Except for the featured cast, this movie featured over 13,000 volunteer civil war reenactors that paid their own way, provided their own props, and fought the battles presented on screen using the same tactics as were current at the time.

3 comments:

Anonymous said...

Some folks may not know that Colonel Chamberlain received a field promotion to Brigadier General at the Battle of Petersburg and after the war became governor of Maine. He also spoke several languages and is likely a distant relative of the writer of this blog, Will Watson.

beckn32 said...

That would be so cool if he really was related. Wish we could find out for sure.

Will said...

Chamberlain was responsible for one of the most poignant scenes of the Civil War at the April 1865 surrender of Lee's Army of Northern Virginia at Appomattox Court House. Gen.
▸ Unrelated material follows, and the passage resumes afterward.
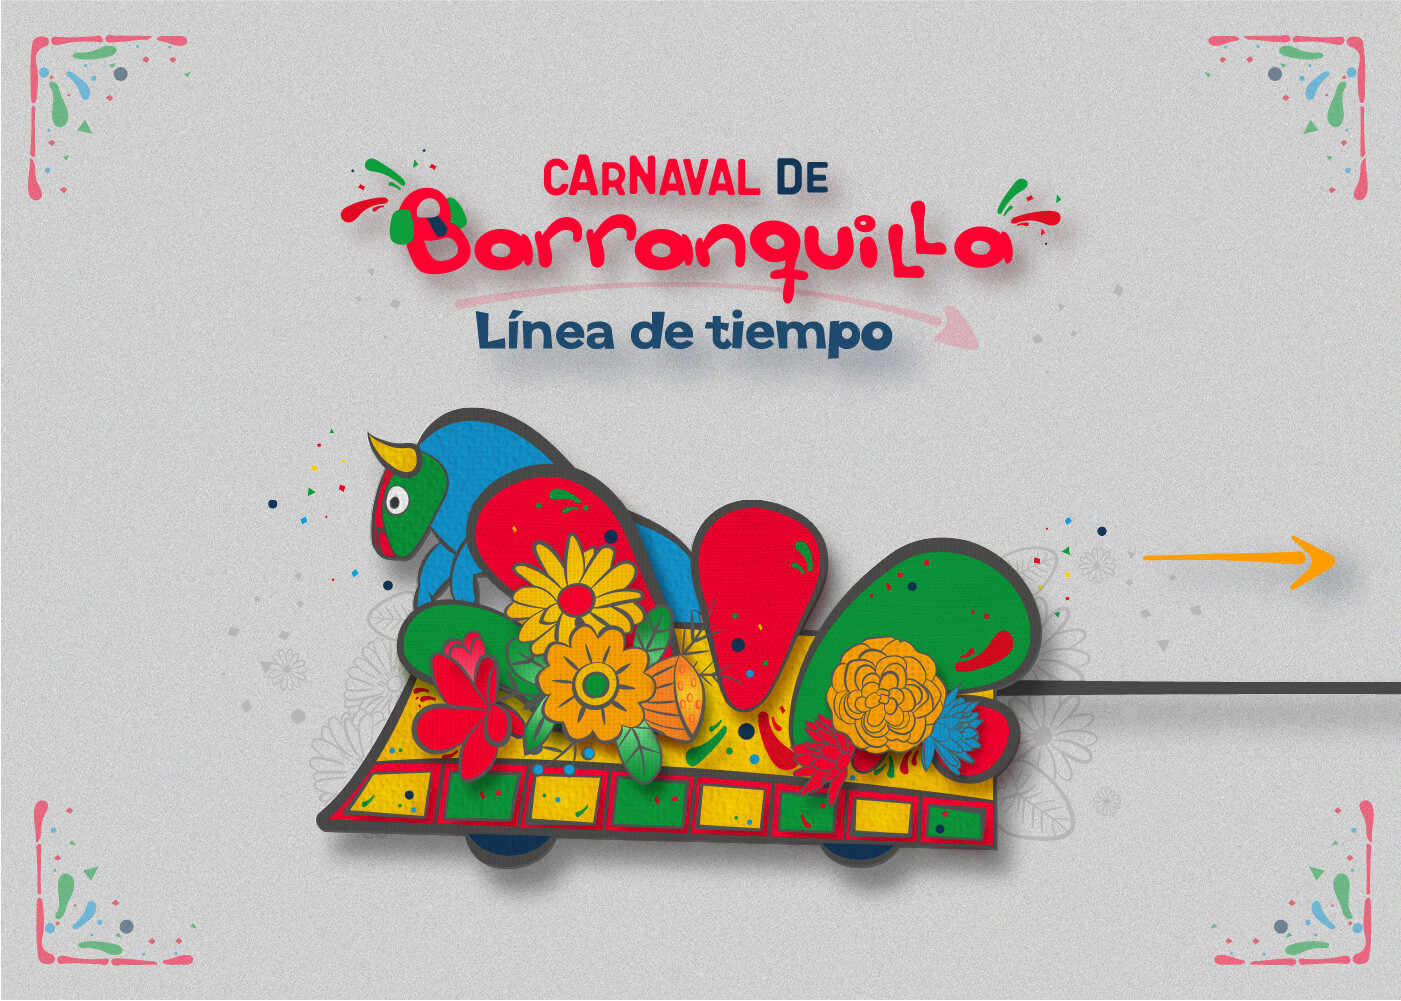 Historia del Carnaval de Barranquilla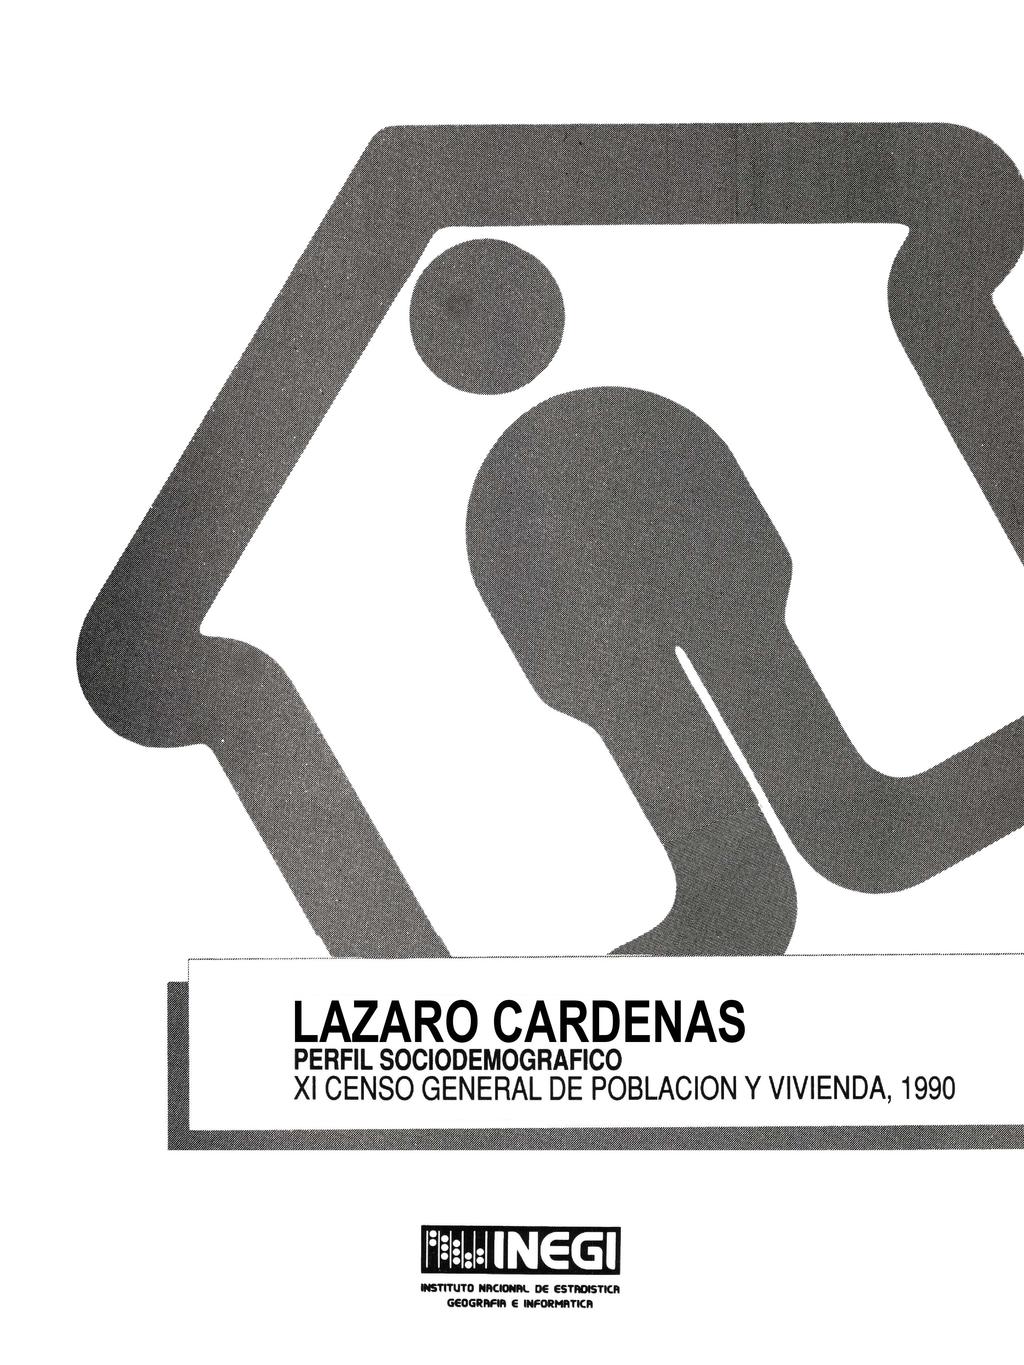 LAZARO CARDENAS PERFIL SOCIODEMOGRAFICO XI CENSO GENERAL DE POBLACION y

Grant placed Chamberlain in charge of receiving the surrender of Confederate weapons and battle flags. As the conquered Confederate soldiers marched down the road to surrender their arms and colors, Chamberlain, without orders or permission, ordered his men to come to attention and "carry arms" as a show of respect. Chamberlain described what happened next:

The gallant John B. Gordon, at the head of the marching column, outdoes us in courtesy. He was riding with downcast eyes and more than pensive look; but at this clatter of arms he raises his eyes and instantly catching the significance, wheels his horse with that superb grace of which he is master, drops the point of his sword to his stirrup, gives a command, at which the great Confederate ensign following him is dipped and his decimated brigades, as they reach our right, respond to the 'carry'. All the while on our part not a sound of trumpet or drum, not a cheer, nor a word nor motion of man, but awful stillness as if it were the passing of the dead.

Chamberlain's salute was unpopular with many in the north, but he defended his action in his memoirs, The Passing of the Armies. Many years later, Gordon, in his own memoirs, called Chamberlain "one of the knightliest soldiers of the Federal Army."